Uma das maiores histórias já contadas na Netflix Divulgação / Netflix

Uma das maiores histórias já contadas na Netflix

Aaron Sorkin, amplamente reconhecido por sua habilidade com diálogos afiados e roteiros densos, eleva sua trajetória com “Os 7 de Chicago”, uma obra que marca um salto notável em sua evolução como cineasta. Tendo conquistado reconhecimento por roteiros como os de “A Rede Social” e “Moneyball”, Sorkin estreou na direção com “A Grande Jogada” (2017), mas é neste filme que seu domínio narrativo se expande. A fusão entre sua escrita envolvente e uma abordagem visual mais refinada resulta em uma experiência que transcende o mero relato histórico e se torna uma reflexão sobre o presente.

Os diálogos, um traço distintivo de sua filmografia, são construídos com precisão quase cirúrgica. Mais do que simplesmente conduzir a trama, eles funcionam como ferramentas de dissecação psicológica, revelando os conflitos internos dos personagens e as tensões políticas da época. Embora a fluidez e o ritmo acelerado de suas falas se distanciem da oralidade cotidiana, essa estilização imprime uma força única à narrativa. O espectador é levado a acompanhar debates instigantes, carregados de subtexto e dilemas éticos, sem jamais perder o fio condutor da trama.

A história se desenrola a partir do julgamento dos sete ativistas acusados de incitar distúrbios durante a Convenção Nacional Democrata de 1968. Lançado em 2020, o filme ressoa com as divisões sociopolíticas contemporâneas, encontrando ecos no cenário turbulento dos Estados Unidos sob o governo Trump. Sorkin não se limita a uma reconstituição dos fatos, mas transforma a narrativa em um prisma para questionar as fragilidades da democracia e o uso do judiciário como instrumento de repressão. O longa, ao reconstruir esse episódio, reflete sobre padrões de autoritarismo que se repetem ao longo da história.

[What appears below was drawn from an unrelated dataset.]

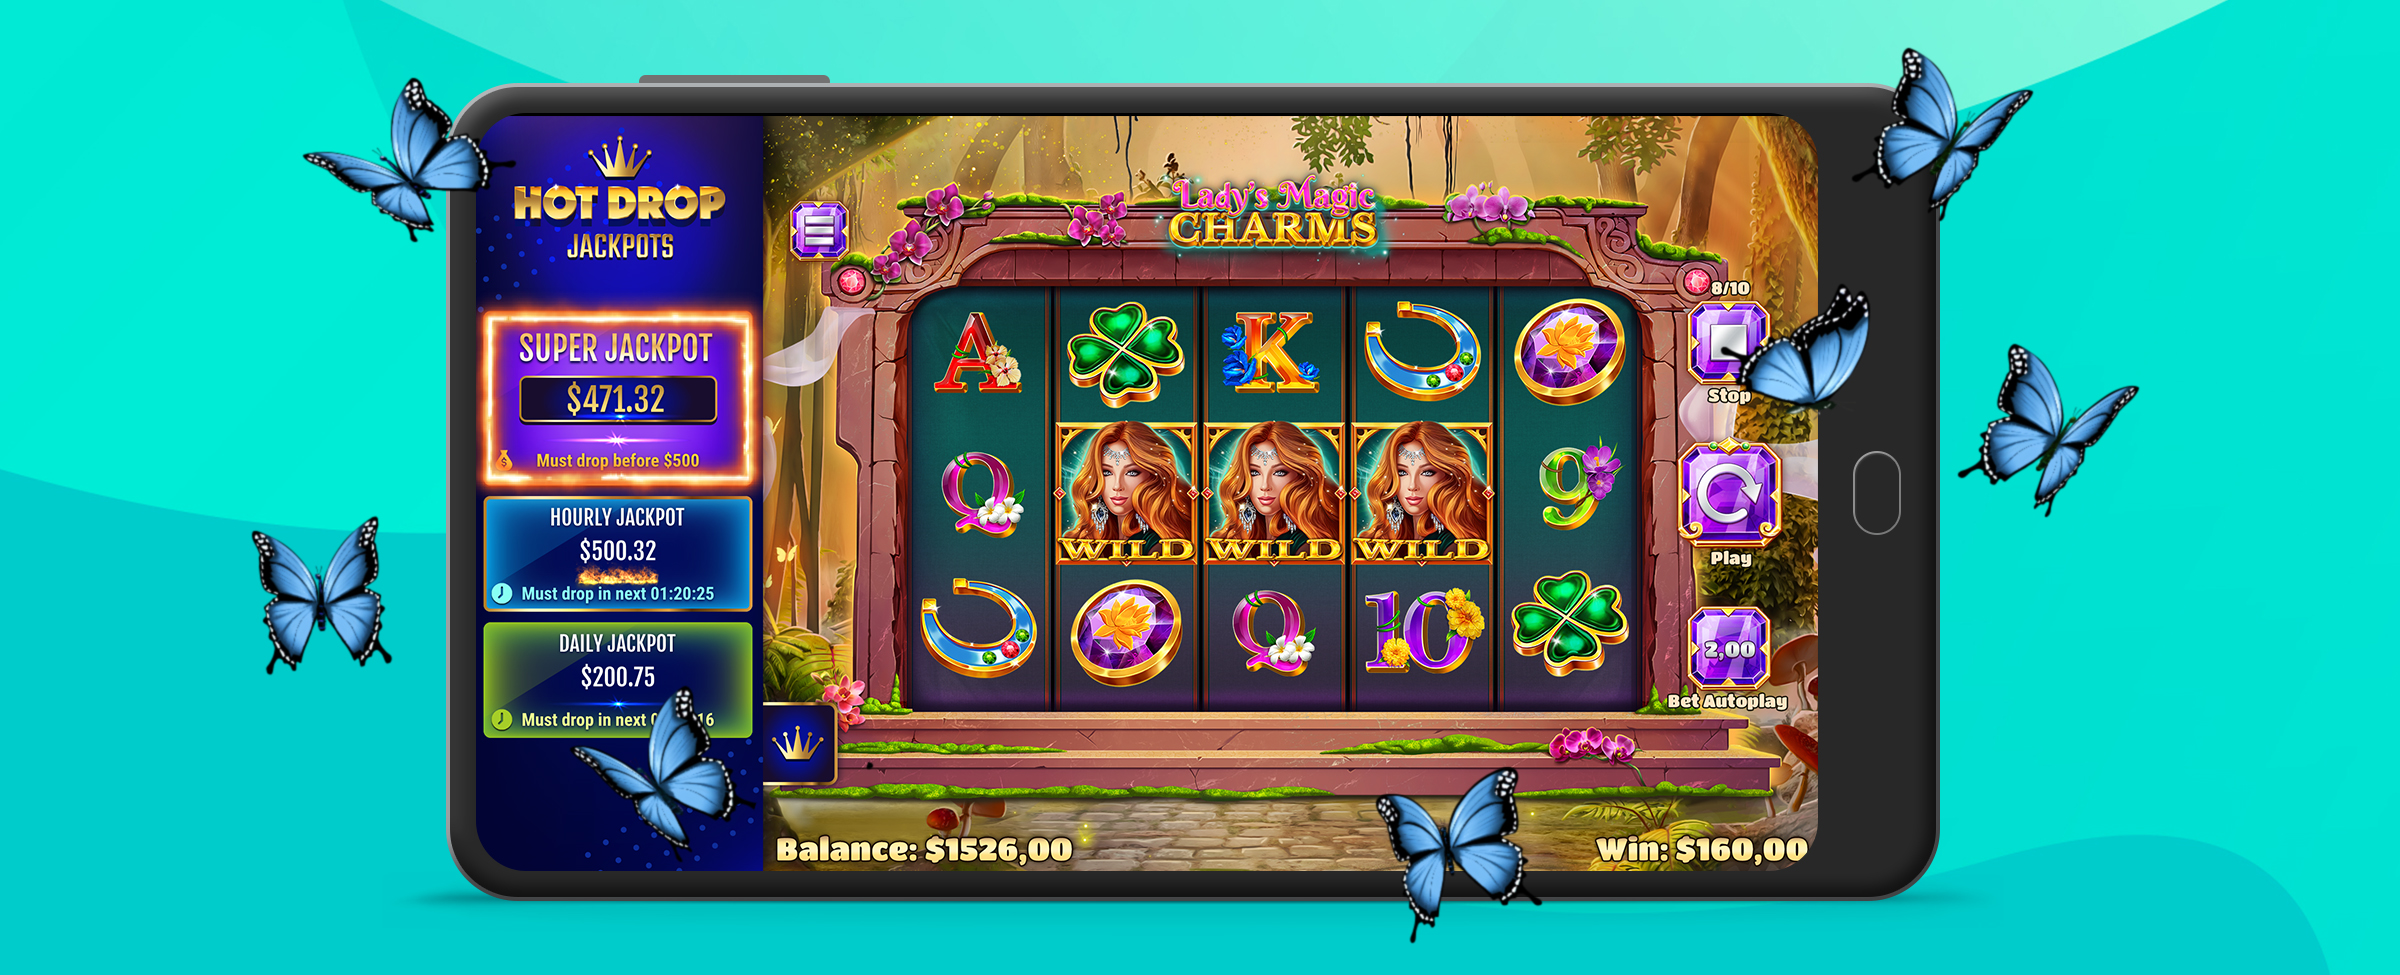 An illustration of a mobile phone showing a screenshot of the SlotsLV slot game Lady’s Magic Charms, featuring the SlotsLV Hot Drop Jackpots on the left of the screen, while butterflies dance around the screen.

O elenco, composto por talentos diversos, amplifica a potência dramática da produção. Eddie Redmayne imprime intensidade ao papel de Tom Hayden, enquanto Sacha Baron Cohen surpreende ao encarnar com carisma e acidez o irreverente Abbie Hoffman. Yahya Abdul-Mateen II interpreta Bobby Seale, cofundador dos Panteras Negras, cuja presença no julgamento evidencia o racismo estrutural do sistema. O juiz Julius Hoffman, vivido por Frank Langella, encarna a parcialidade institucionalizada, enquanto Joseph Gordon-Levitt, como promotor, oferece uma perspectiva de nuances morais. Essa dinâmica reforça a sensação de um tribunal não apenas político, mas simbólico de embates ideológicos ainda latentes.

Embora tome liberdades criativas ao construir seus personagens como figuras heroicas em determinados momentos, o filme encontra equilíbrio ao intercalar esses momentos com a crueza dos eventos históricos. O roteiro, carregado de diálogos afiados e repleto de tensão dramática, não apenas dramatiza o julgamento, mas levanta discussões sobre direitos civis, polarização política e os métodos usados por governos para reprimir opositores. Ao revisitar o passado, Sorkin constrói um espelho no qual o presente se reflete, expondo feridas que nunca cicatrizaram por completo.

Disponível na Netflix, a produção vai além de uma simples crônica histórica. Funciona como um comentário incisivo sobre a persistência de estruturas de poder que instrumentalizam a justiça para fins políticos. Assim como os réus foram moldados como inimigos públicos em 1969, o filme sugere que os mesmos mecanismos de opressão seguem operando, muitas vezes sob roupagens distintas. Com isso, a narrativa se desdobra como uma crítica contundente à manipulação do aparato estatal e aos perigos de um sistema jurídico corrompido por interesses ideológicos.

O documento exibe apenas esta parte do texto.